Не шелохнется тополиный лист, ветра будто и не было никогда. Мгла нависла над городом, стало трудно дышать. Казалось, что все вокруг обречены, — и небо просто рухнет и придавит землю свинцовой своей тушей.
День подходил к полудню.
И все было обычно… как на войне. Высокий корреспондент Вязенкин стоял вместе со всеми над окоченевшим телом тетки Натальи. Понимал ли этот молодой парень, что происходит вокруг. Вряд ли… Кому сейчас важны его переживания? Да и переживания его были легковесными — незамаранными. Так и должен был думать всякий, кто первый раз попадает на войну.
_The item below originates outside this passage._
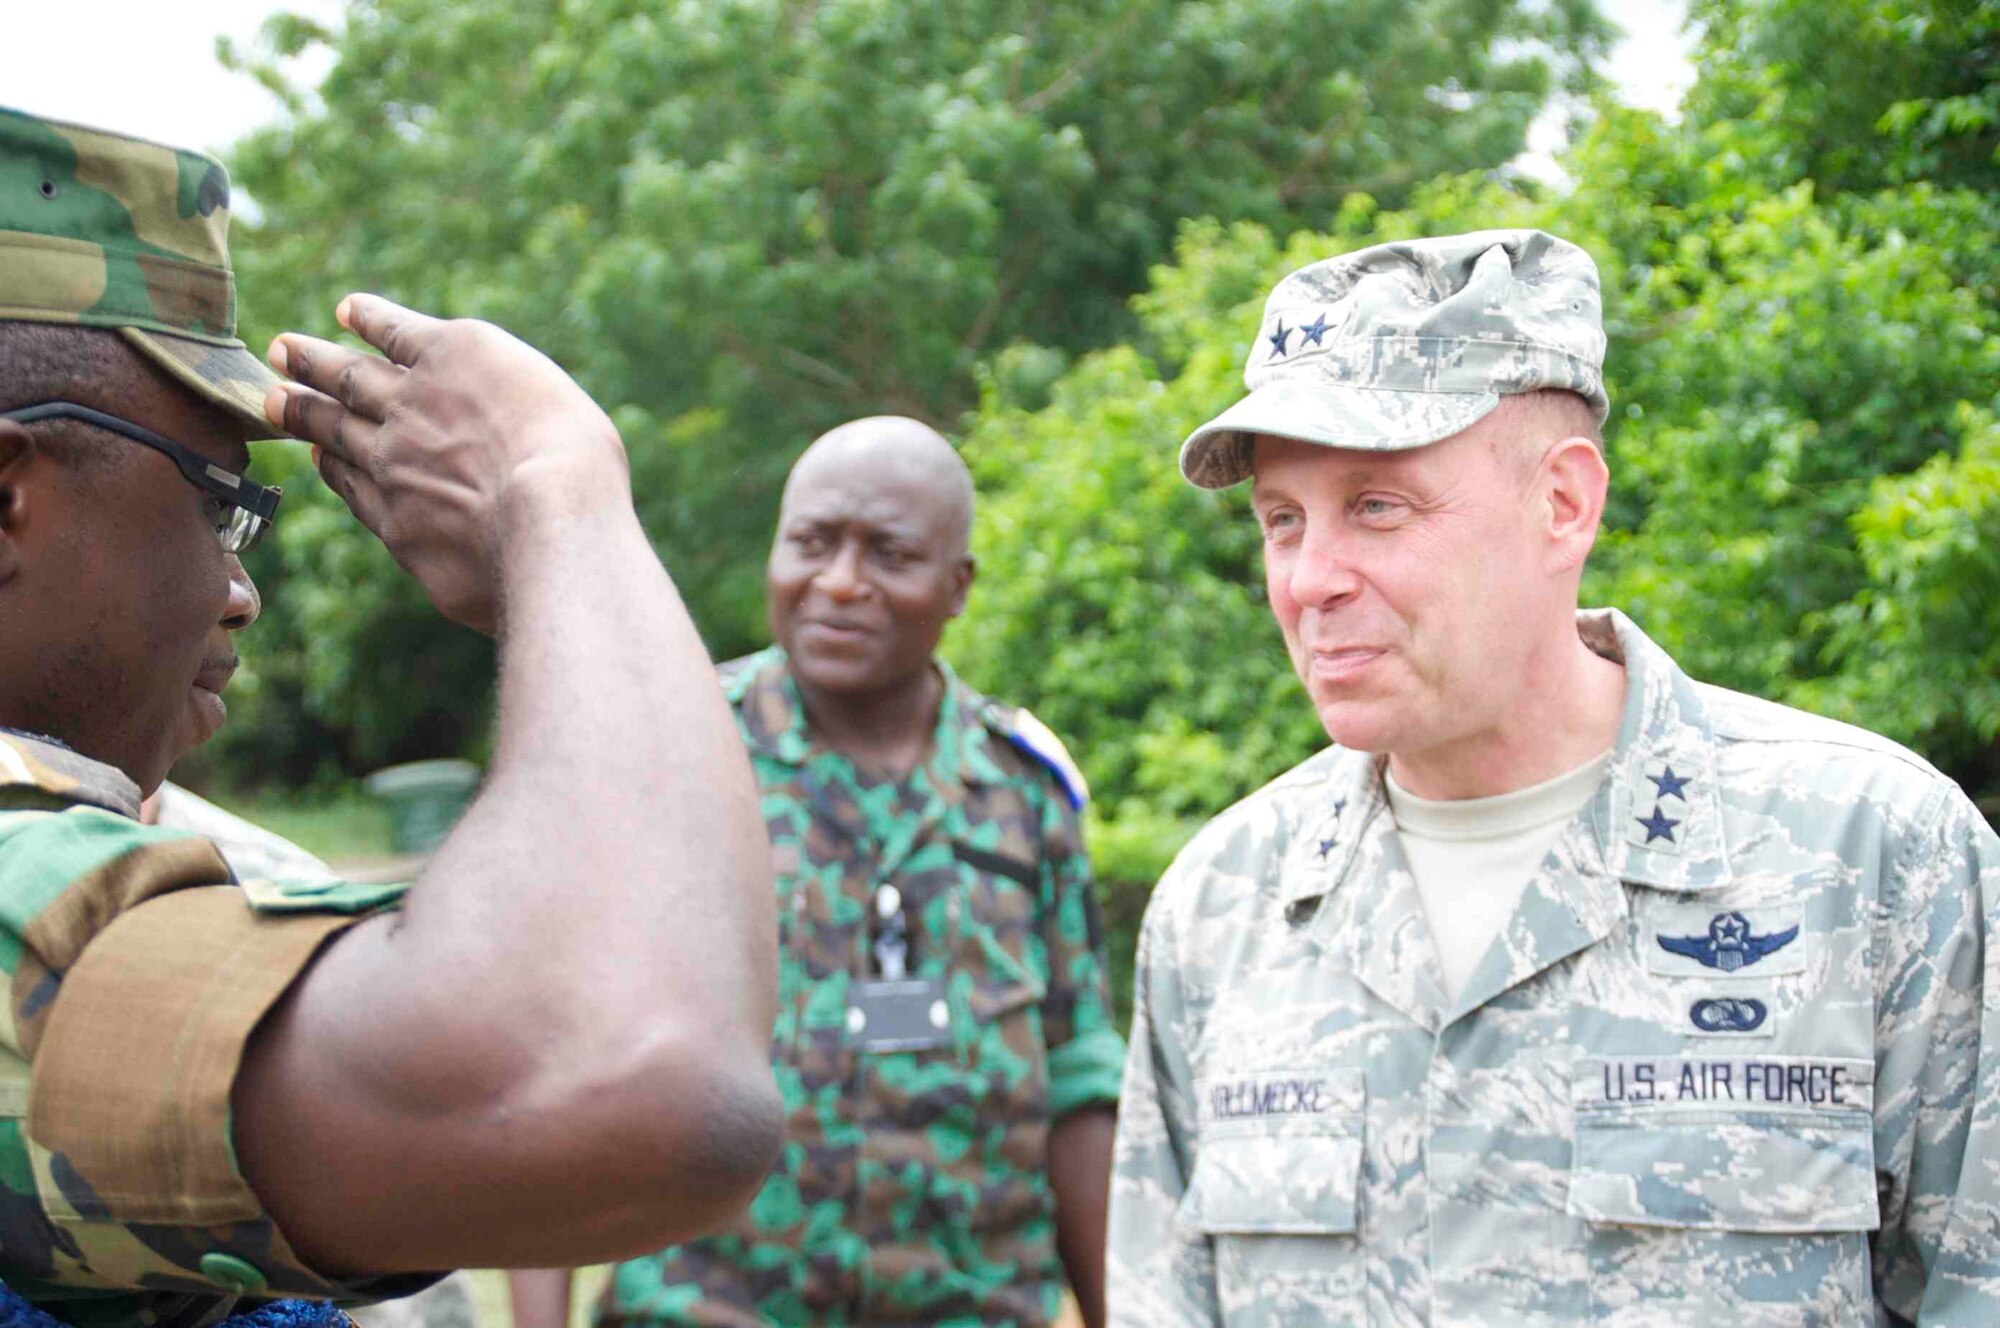 Maj. Gen. Eric Vollmecke, Western Accord 13 deputy exercise director, is saluted before touring the Bundase training camp near Accra, Ghana, June 19. Western Accord 13 is a mutually beneficial exercise hosted by U.S. Army Africa that brings together the Economic Community of West African States and the US Army to have increased capabilities to support regional peacekeeping operations. (Photos by: Sgt. Tyler Sletten, 116th Public Affairs Detachment)

Прокурор Золотарев, Буча с Вакулой, Колмогоров, и тот омоновец, что стрелял по окнам, перешагнули уже эту черту — каждый в свое время.
В полдень этого дня перешел за черту еще один человек с удостоверением корреспондента «Независимой» телекомпании по фамилии Вязенкин.
Когда появился саперный бэтер, все спрятались за броней.
Пестиков, бывалый оператор, объяснял Вязенкину.
— Гриня, ну чего не понять. Под трупом может быть граната. Кошкой подцепят, сдернут, и тогда…
— Чего будет? — глупо переспросил Вязенкин.
— Снимать буду. Отойди-ка, — и Пестиков навел камеру на худого сапера в камуфляже. Тот теперь один стоял у тела, в его опущенной руке болталась веревка с якорем-кошкой.
Это был старший лейтенант Каргулов Дмитрий Фаильевич…
…Саперы обступили тело тетки Натальи.
Так стояли долго, не двигаясь с места. Кто первый заговорит, у кого хватит совести нарушить эту проклятую тишину? Где ж ты, ветер, где бродишь? Или затянуло тебя небесными потоками? Но там другие песни и ветра другие — не земные — восходящие.
Вакула. Ему положено. Ему можно. Он старый, он раньше всех переступил черту.
— Эта та, которой харчи возили?
Мертвый Пуля вытянул лапы, уткнулся носом в войлочный ботинок.
— Ты смотри, это кобель ее? Сдох с тоски, — землистый бас у Вакулы, таким басом о смерти и положено говорить. — Давайте, сынки, работайте.
Каргулов сзади стоял. Сунул руку в карман, нащупал леденец.
— Арбариски.
— Давай, взводный, не тяни.
— К-константин Ефграфич, а давайте мы им на рынке заложим. Ж-жахнем, так жахнем… сто пятьдесят второй. За м-мама не горюй. Шкур десять положим. Это ж наша б-бабка, саперная!
— Жахнем, старлей… — Вакула бросил руки плетьми вдоль могучего своего тела. — Кого жахать-то, старлей? Оно ж все вернется. О чем ты? Глупо.
Вакула не то хотел сказать. Он хотел в полную мощь своего протоиерейского баса закричать на всю улицу, на весь город, на весь мир, — что надо бить, крушить, давить! Но не закричал, а подумал, что скоро ему меняться, и тогда все — конец — закроются навсегда синие комендантские ворота. Он будет долго вспоминать, как после Афгана, но потом забудет… и швырнет в мусоропровод «Крест» за Кавказ и «Звезду» за Афган. Да будь ты проклято все!..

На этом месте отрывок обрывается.